Banca Monte dei Paschi di Siena SpA is close to selling bad loans with a face value of more than 1.1 billion euros ($1.3 billion) to Cerberus Capital Management, Bank of America Corp. and Illimity Bank SpA, people familiar with the matter said.
The Italian bank is in final talks with Cerberus to sell a package of non-performing loans backed by real estate with a gross book value of about 500 million euros, the people said, asking not to be identified because the process is private. Bank of America is wrapping up talks to buy about 130 million euros of secured bad loans and Illimity is discussing the purchase of more than 500 million euros of unsecured corporate loans, the people said.
Paschi Chief Executive Officer Marco Morelli’s is pushing to clean up its balance sheet as the state-controlled lender faces pressure from the European Central Bank to improve its performance and bolster capital levels. The CEO plans to cut the NPL ratio to about 14% by the end of the year from 16.3% at the end of March.

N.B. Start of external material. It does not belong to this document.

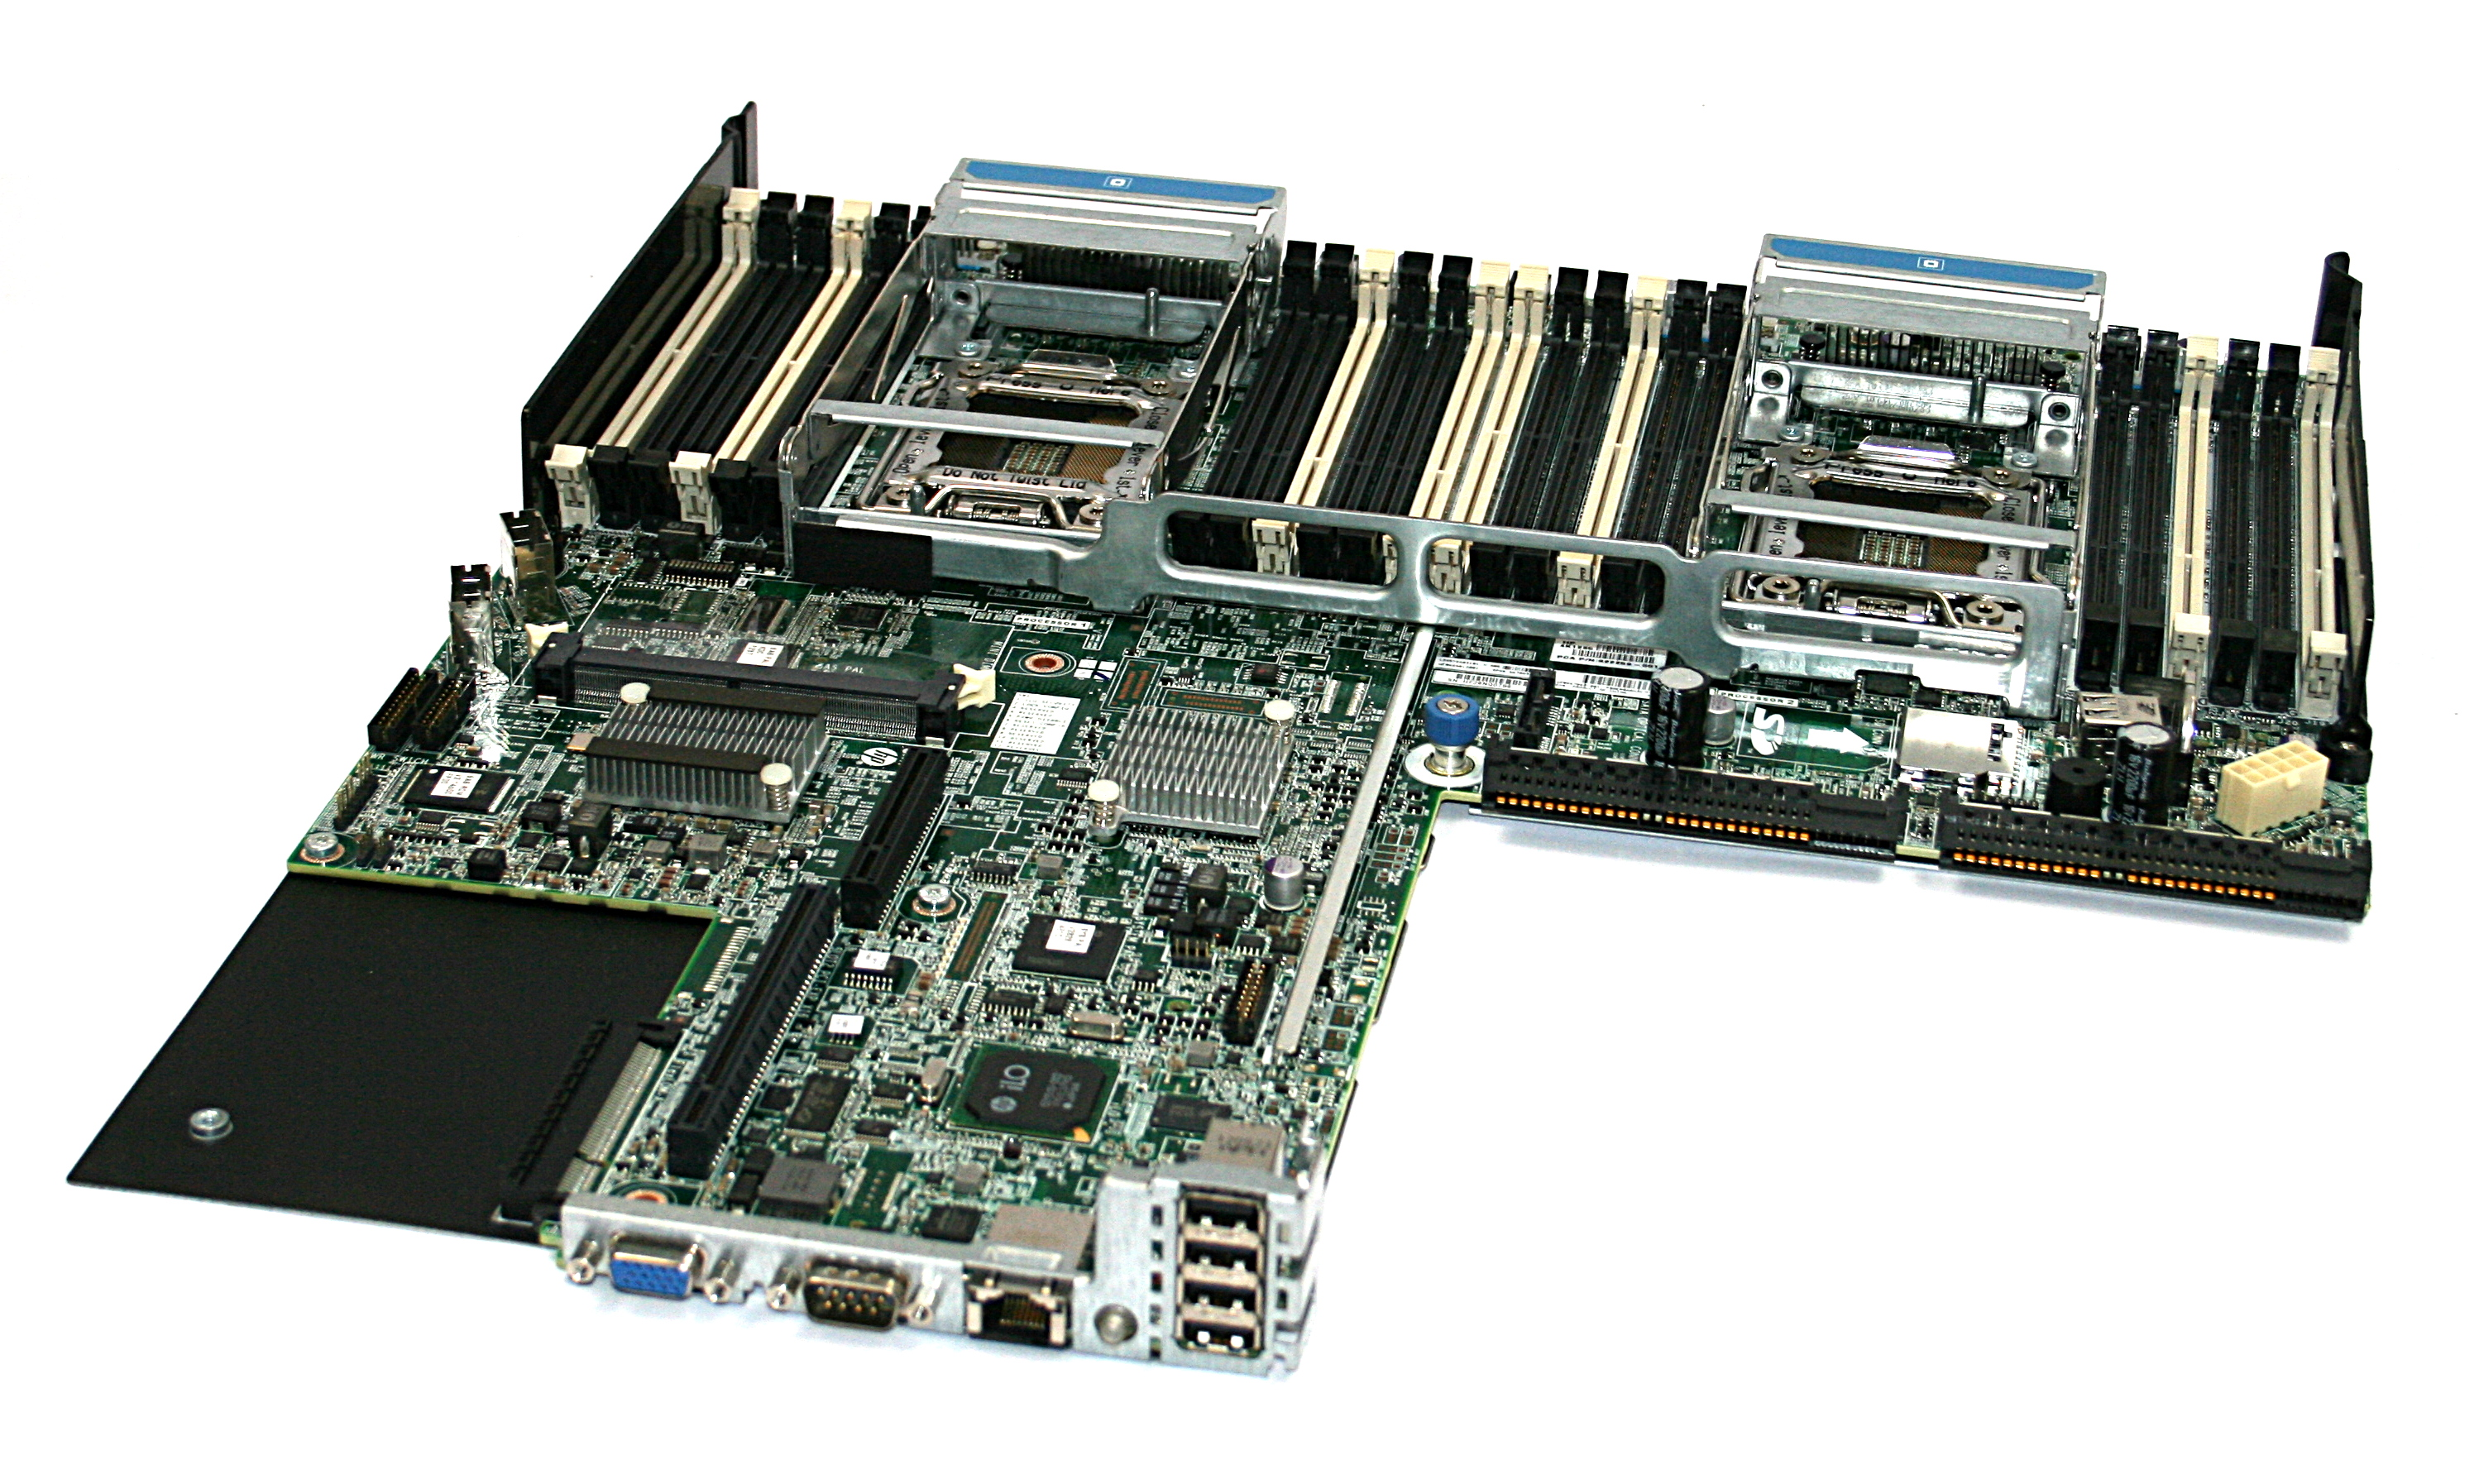 HP 667865-001 Proliant DL360p Gen8 Dual Socket LGA2011 Motherboard With Tray

The three deals, named Papa 2, Lima and Quebec, may be finalized by the end of July, according to the people. Representatives for Paschi, Cerberus, Illimity and BofA declined to comment.
Italian banks have cut non-performing loans to about 189 billion euros at the end of last year from a peak of more than 360 million euros in 2016. That’s still the biggest debt pile among European Union countries and means the ECB will continue to push banks including Paschi to accelerate their cleanups and increase coverage levels against loan losses.
Last year, Paschi closed a 24.1 billion-euro securitization of NPLs, the biggest disposal of European sourced debt to date.